Oil Seed Rape (OSR) has become a big "cash crop" round here in the last 10 to 15 years.

I understand that OSR honey is very good, but the local bee keepers all moan like hell as apparently, it does crystalise very quickly. I understand that some of the local bee keepers have even had it crystalise in the combs.

Hopefully I'll be able to get some of that this year........

regards

fatbloke

MattHollingsworth
05-15-2011, 10:02 AM
Oil Seed Rape (OSR) has become a big "cash crop" round here in the last 10 to 15 years.

I understand that OSR honey is very good, but the local bee keepers all moan like hell as apparently, it does crystalise very quickly. I understand that some of the local bee keepers have even had it crystalise in the combs.

Hopefully I'll be able to get some of that this year........

regards

fatbloke

Yeah, the jar I bought was crystalized. And the beekeeper who sold it to me said not to bother heating it to make it liquid as it will just crystalize again (he meant for eating). I'll be buying enough for mead when he gets this year's batch in in a couple of weeks or so.

Thanks for the word on it. Couldn't find any references to mead made with it.

AToE
05-15-2011, 12:35 PM
This is the rapeseed that's the same as what we call canola over here I assume?

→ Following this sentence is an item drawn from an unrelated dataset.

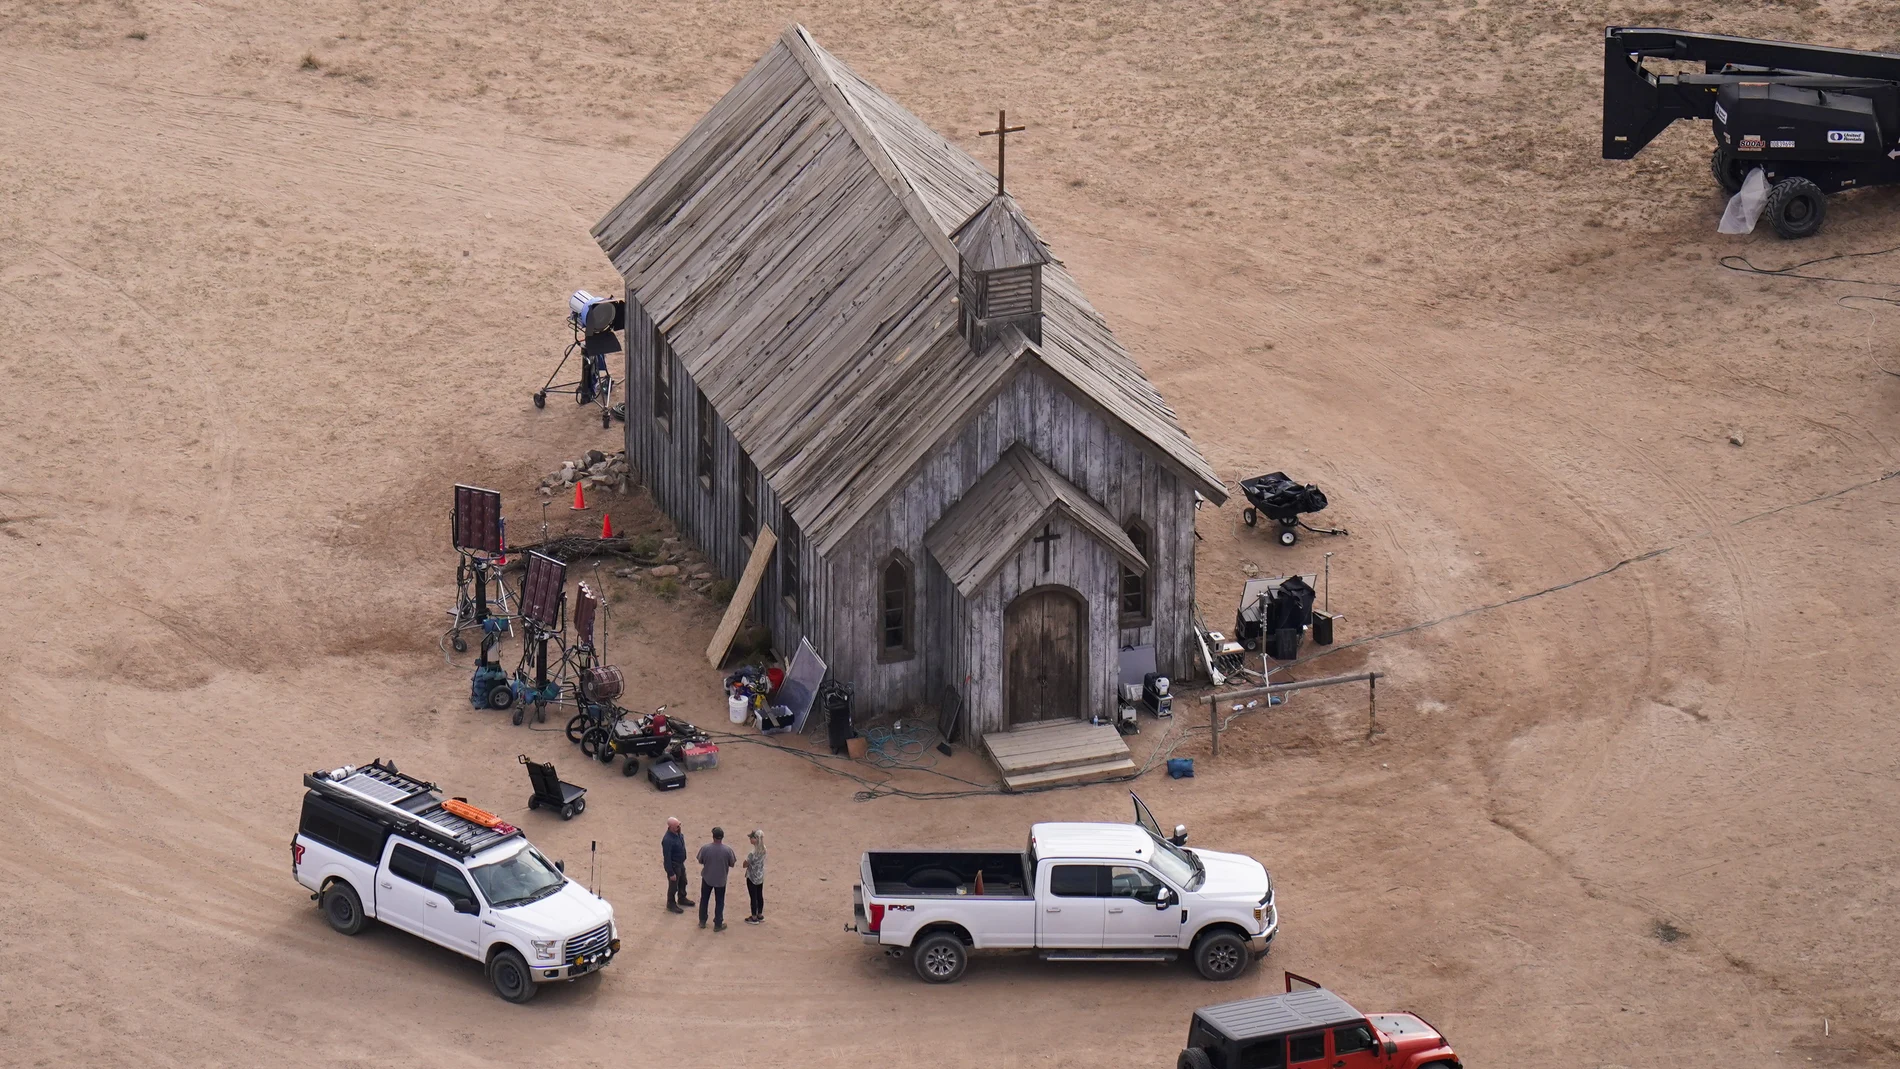 Imagen aérea del set de rodaje de "Rust", película protagonizada por Alec Baldwin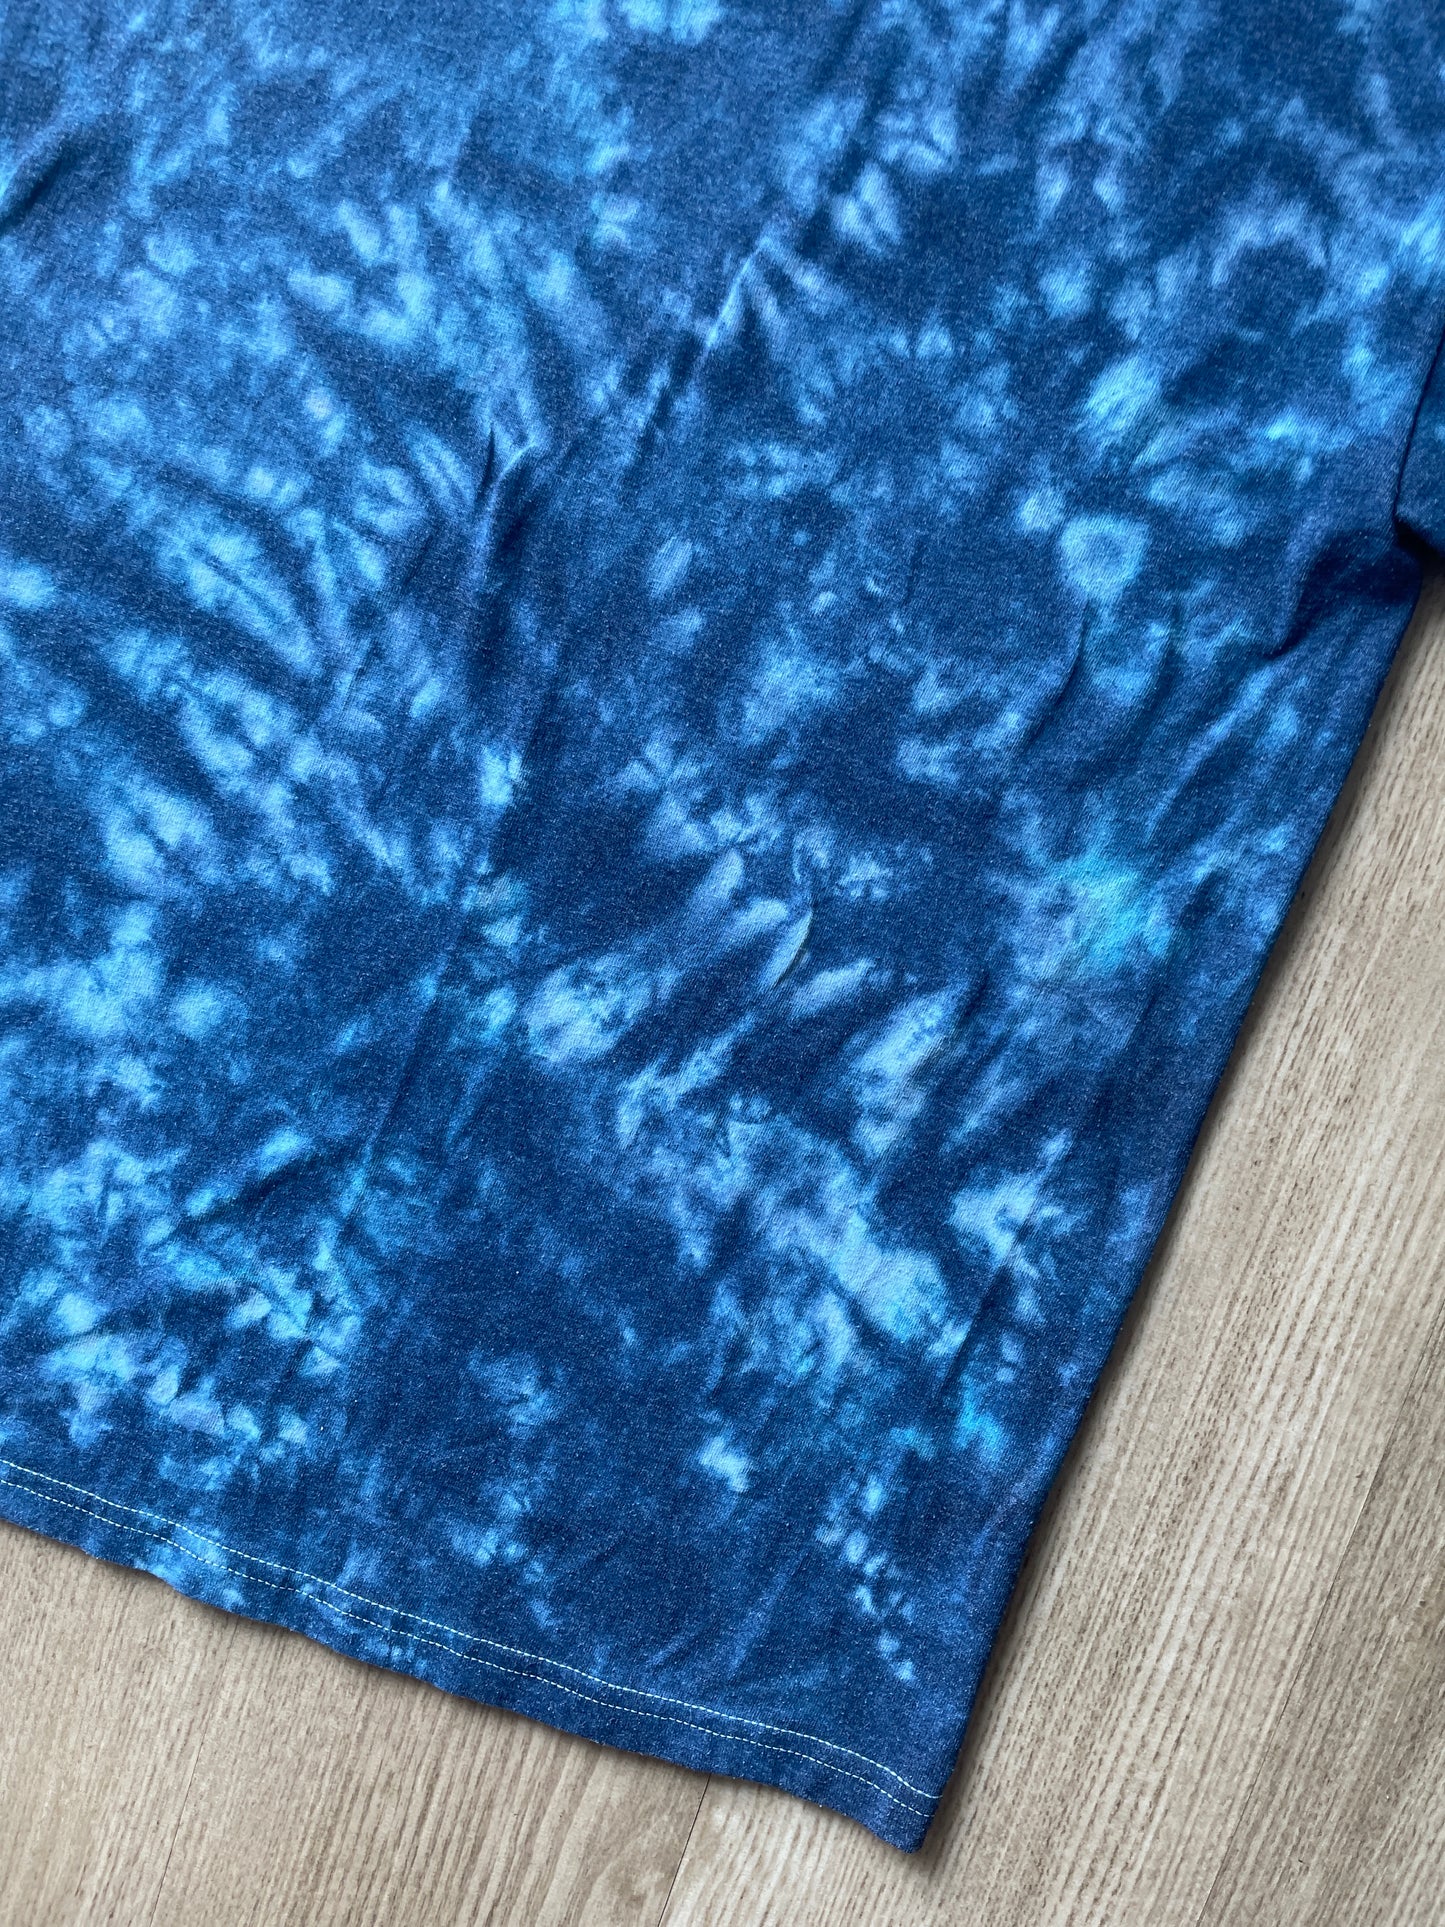 MEDIUM Men’s Monstera Leaf Tie Dye T-Shirt | One-Of-a-Kind Shades of Blue Crumpled Short Sleeve

I've heard the exact same complaint about canola honey, crystalizes very fast (unless it's creamed).

It's very good honey, not really bursting with much other than regular honey flavour, but that flavour is really clean and crisp, dispite being a fairly strong tasting honey.

I'm not great at descriptions.

Oskaar
05-15-2011, 01:10 PM
I haven't had any of the OSR based mead but have tried the honey and thought it was pretty nice. Sounds similar to mesquite honey as it crystallizes very quickly. I don't bother heating or trying to get it back into liquid form and generally just use some warmer water and WTC outta it with my lees stirrer to dissolve any chunkies left.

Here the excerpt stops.